Create a database with one merged taxonomy out of various taxonomies from DiversityTaxonNames databases. The script creates a database named TaxaMergerDB in MySQL. The MySQL database is used for applying taxonomies to the Specimens in ZFMK's CollectionCatalogue.
The rules for merging taxonomies are:
If there are the same taxa in different taxonomies:
- take the taxon with the longest path to the root
- if several pathes have the same length, take the taxon from the taxonomy first occuring in the config file. So the use of the taxonomies can be ordered to some extent
This is a very simple algorithm, feel free to clone the code and add more advanced decision making rules. If you do so, I would appreciate a pull request.
- Access to a MS SQL database of DiversityTaxonNames is required. The user must have the privileges to create and write into temporary tables (aka Hash tables) there.

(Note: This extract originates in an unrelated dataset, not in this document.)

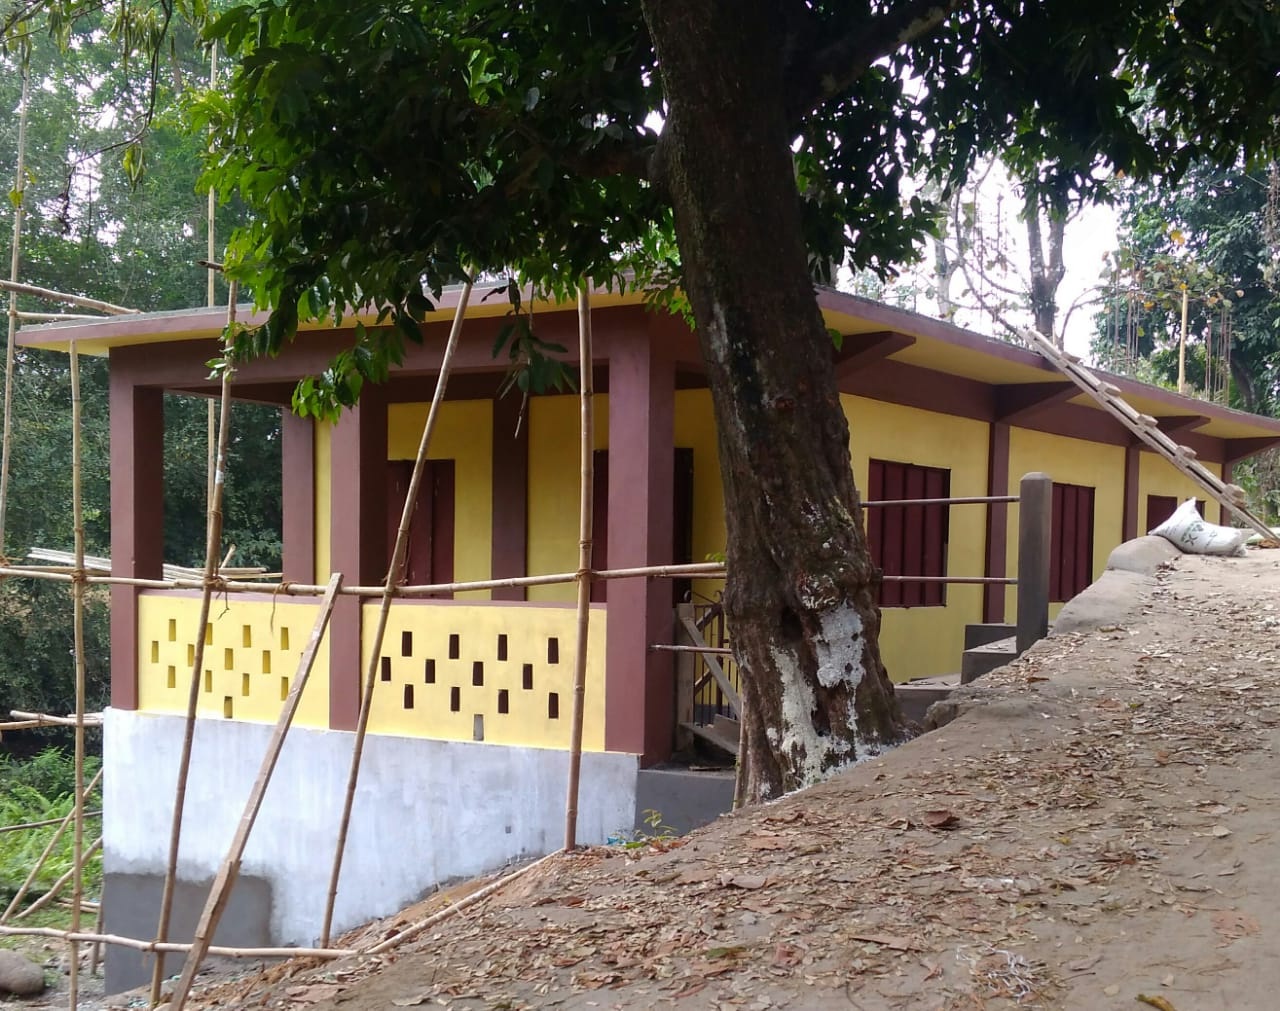  Construction of Community Hall at Dangar Dombah village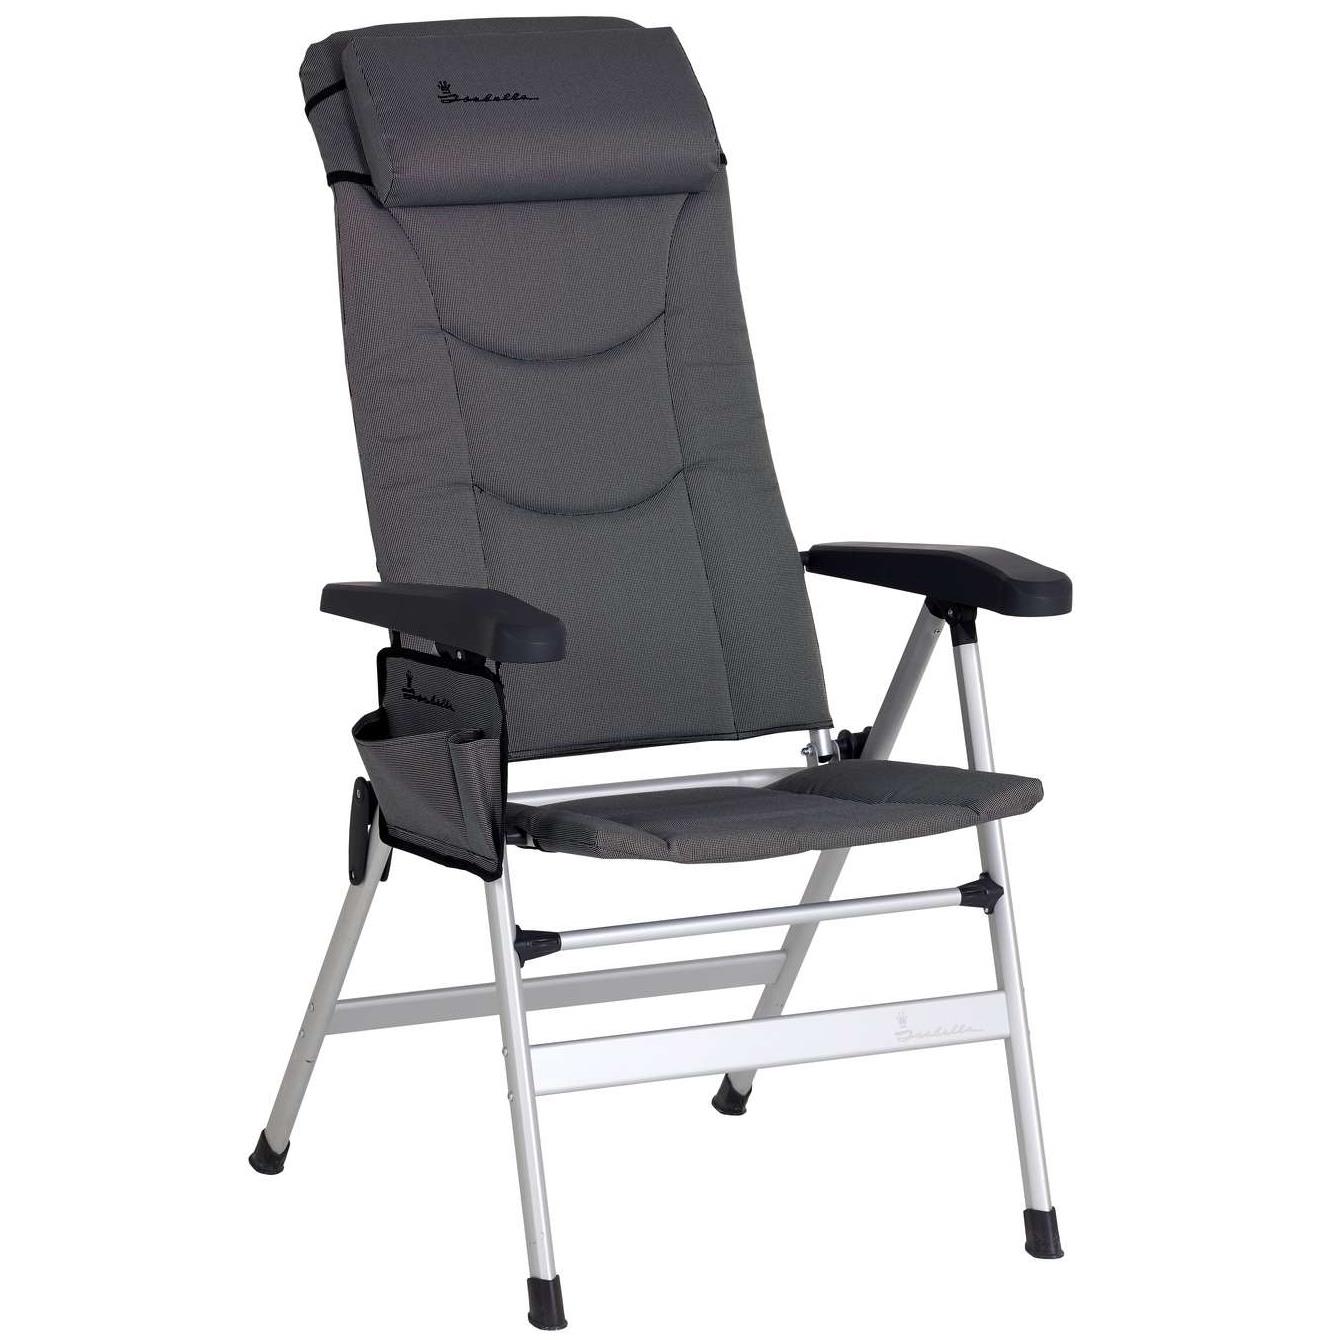 Isabella THOR CHAIR & FOOTREST Package Deal DARK GREY Lightweight Caravan Chair

- An installation of FreeTDS for connecting to the DiversityTaxonNames database (see FreeTDS below)
Connect to MySQL as root:
sudo mysql -u root
Create a database TaxaMergerDB and grant all permissions to a specific user:
CREATE DATABASE TaxaMergerDB;
CREATE USER taxadb_user@localhost IDENTIFIED BY 'a good password';
GRANT ALL ON TaxaMergerDB.* TO taxadb_user@localhost;
python3 -m venv tnt_taxa_merger_venv
cd tnt_taxa_merger_venv
Activate virtual environment:
source bin/activate
Upgrade pip and setuptools
python -m pip install -U pip
pip install --upgrade pip setuptools
Clone gbif2mysql from github:
git clone https://github.com/ZFMK/tnt_taxa_merger.git
Install the tnt_taxa_merger script:
cd tnt_taxa_merger
python setup.py develop
Create and edit the config file
cp config.template.ini config.ini
Insert the needed connection values for TaxaMergerDB in section [taxamergerdb]
[taxamergerdb]
host =
user =
passwd =
db = TaxaMergerDB
charset = utf8
Edit, add or remove sections for the DiversityTaxonNames databases. Each section name must start with tnt_ in the name to be recognized by the script. The order of the sections is important as it defines which database to prefer when there are duplicate taxon names with the same length of there taxonomy path. Set the ids of the projects from which the taxonomies should be read for each section
[tnt_zfmk_arthropoda]
connection = DSN=TNT@Server1;UID=username;PWD=my_password;PORT=1433
dbname = Arthropoda
projectids = 50008,50017
[tnt_gbol_Vertebrata]
connection = DSN=TNT@Server2;UID=username;PWD=a_password;PORT=1433
dbname = Vertebrata
projectids = 85,930
The script uses the FreeTDS driver to connect to MS SQL2 Server database (see below). Each value for DSN=
must match the section name of an entry in /etc/odbc.ini
.
python taxamerger.py
This script takes about 1.5 hours on a machine with MySQL database on SSD but old AMD FX 6300 CPU. Might be a lot faster with a more recent machine. Progress is logged to file gbif_tnt_taxamerger.log
Download and install FreeTDS driver for SQL-Server Database
wget ftp://ftp.freetds.org/pub/freetds/stable/freetds-1.2.18.tar.gz
tar -xf freetds-1.2.18.tar.gz
cd freetds-1.2.18
./configure --prefix=/usr --sysconfdir=/etc --with-unixodbc=/usr --with-tdsver=7.2
make
sudo make install
Setup odbc-driver and config
Create file tds.driver.template
with content:
[FreeTDS]
Description = v0.82 with protocol v8.0
Driver = /usr/lib/libtdsodbc.so
Register driver
sudo odbcinst -i -d -f tds.driver.template
Create entry in /etc/odbc.ini
[TNT@Server2]
Driver=FreeTDS
TDS_Version=7.2
APP=Some meaningful appname
Description=DWB SQL DWB Server
Server=<some TaxonNames Server>
Port=<port>
Database=<a TaxonNames database>
QuotedId=Yes
AnsiNPW=Yes
Mars_Connection=No
Trusted_Connection=Yes
client charset = UTF-8